Retype the lines of the material below, exactly and only, from the one containing "Monica Padilla at" through the last line, with pictures left out.

▶ _Given information_:
<<<<
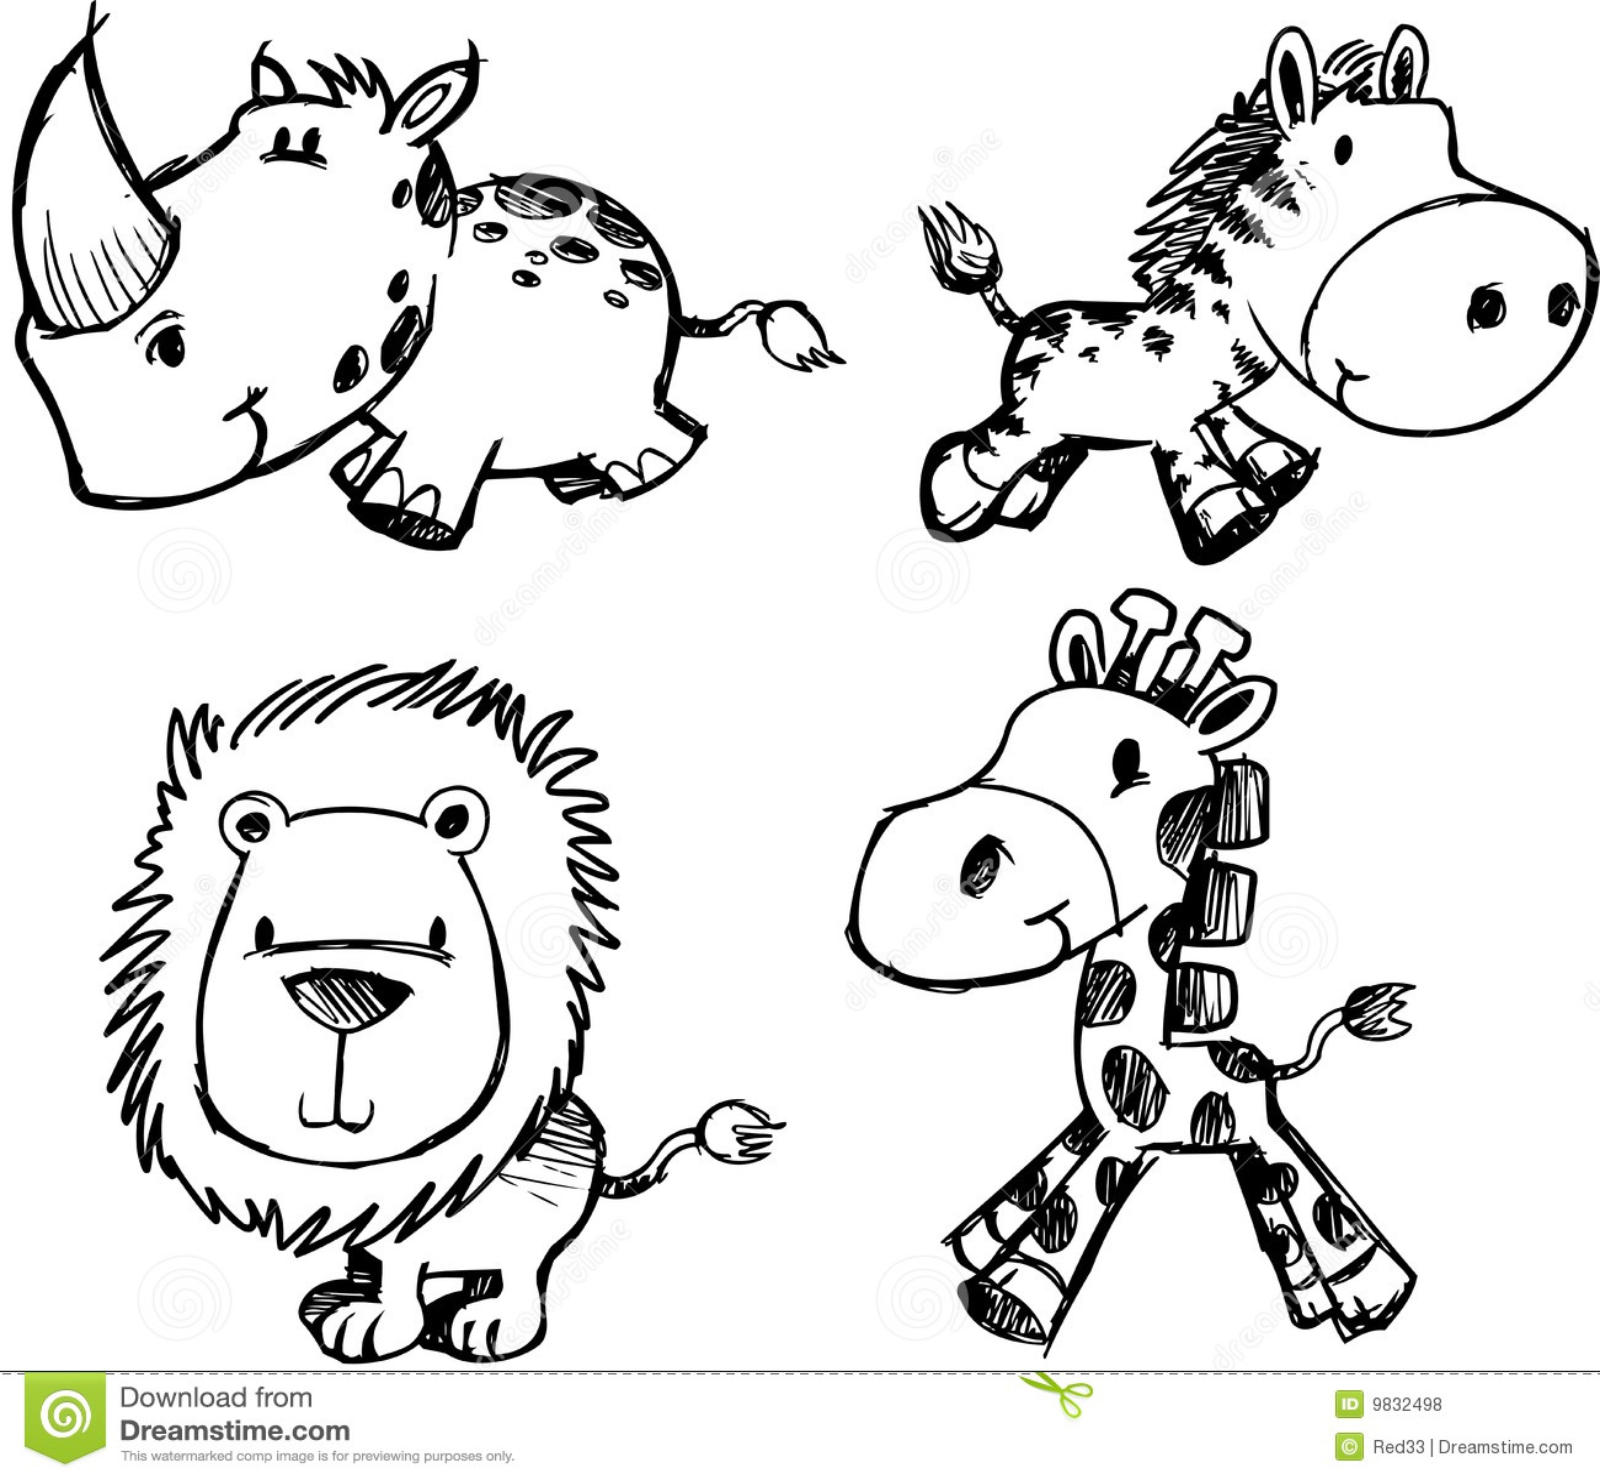 Royalty Free Stock Photos: Sketch Animal Set Vector
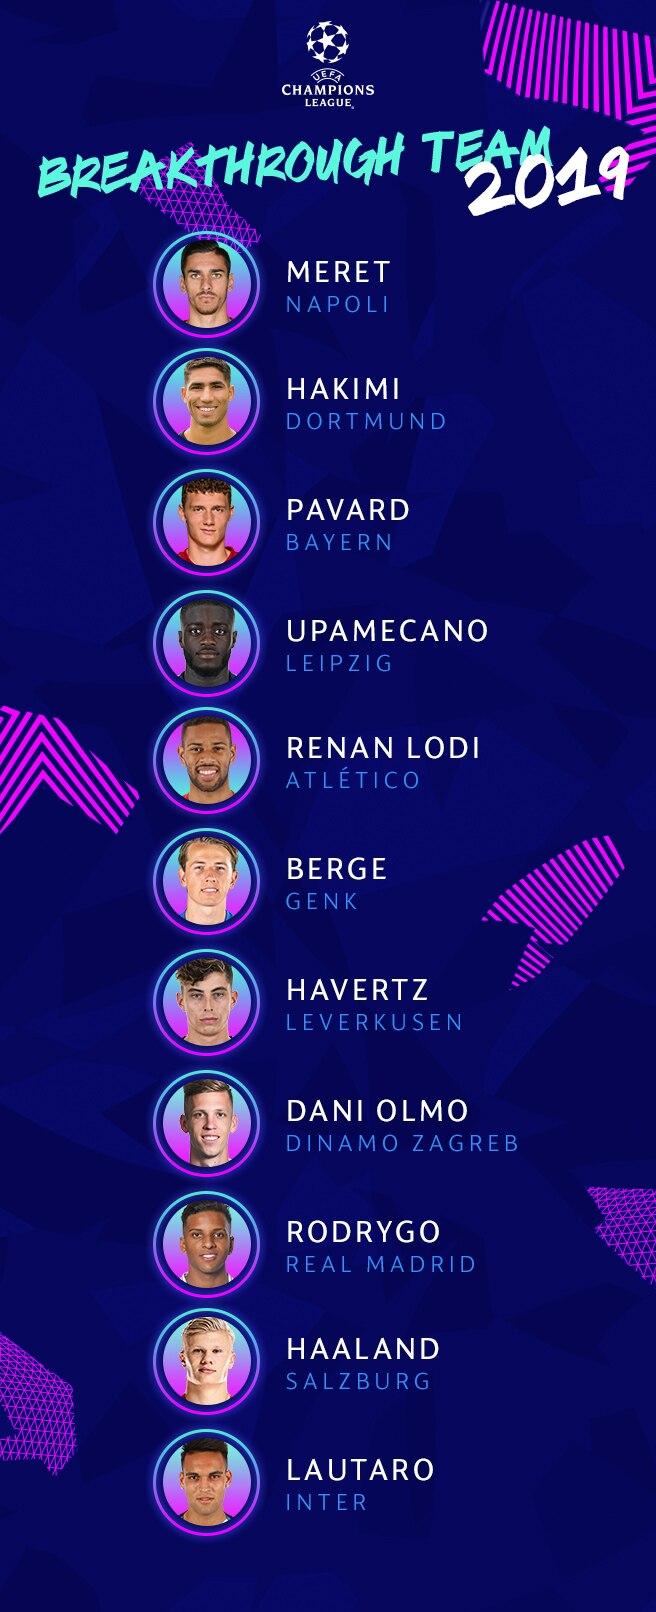 2019 UEFA Champions League breakthrough team
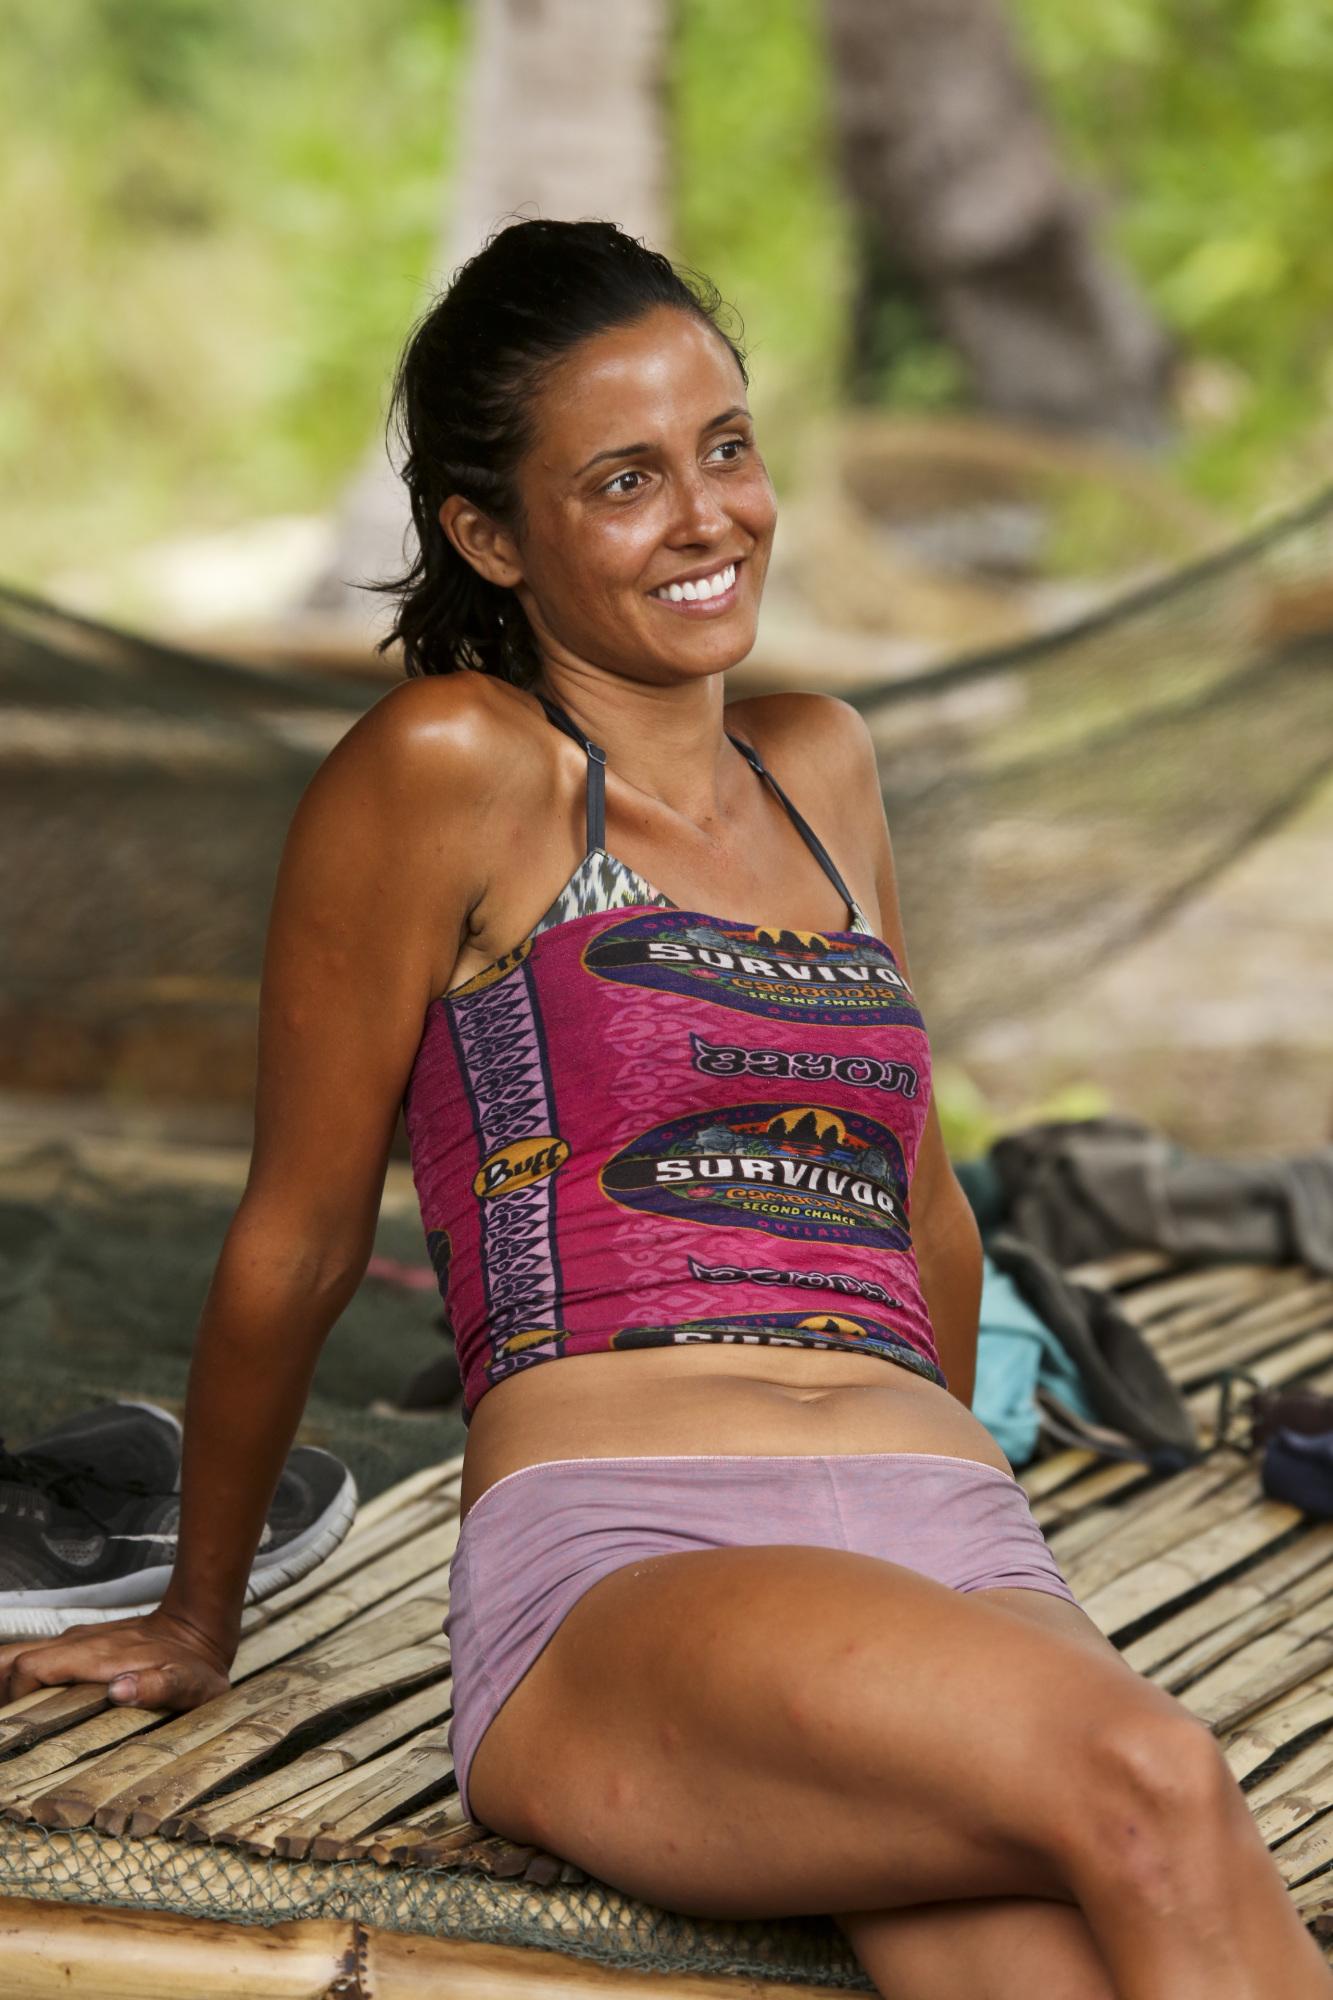 Monica Padilla at Bayon camp on Survivor: Second Chance
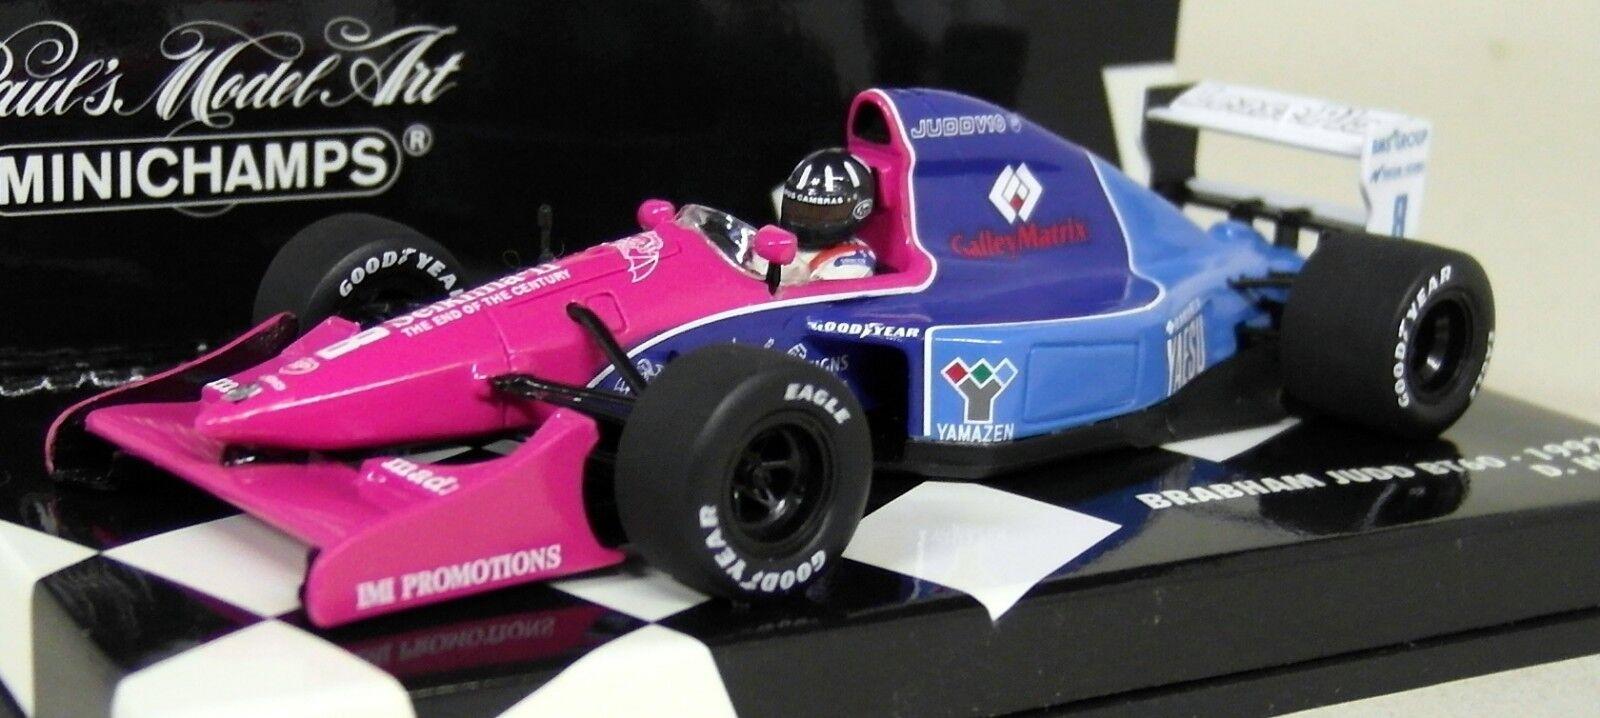 Minichamps 1 43 Scale Scale Scale 430 920007 Brabham Judd BT60 1992 D. Hill Diecast F1 Model b628f2
>>>>
▶ _Exercise solution_:
 Monica Padilla at Bayon camp on Survivor: Second Chance
 Minichamps 1 43 Scale Scale Scale 430 920007 Brabham Judd BT60 1992 D. Hill Diecast F1 Model b628f2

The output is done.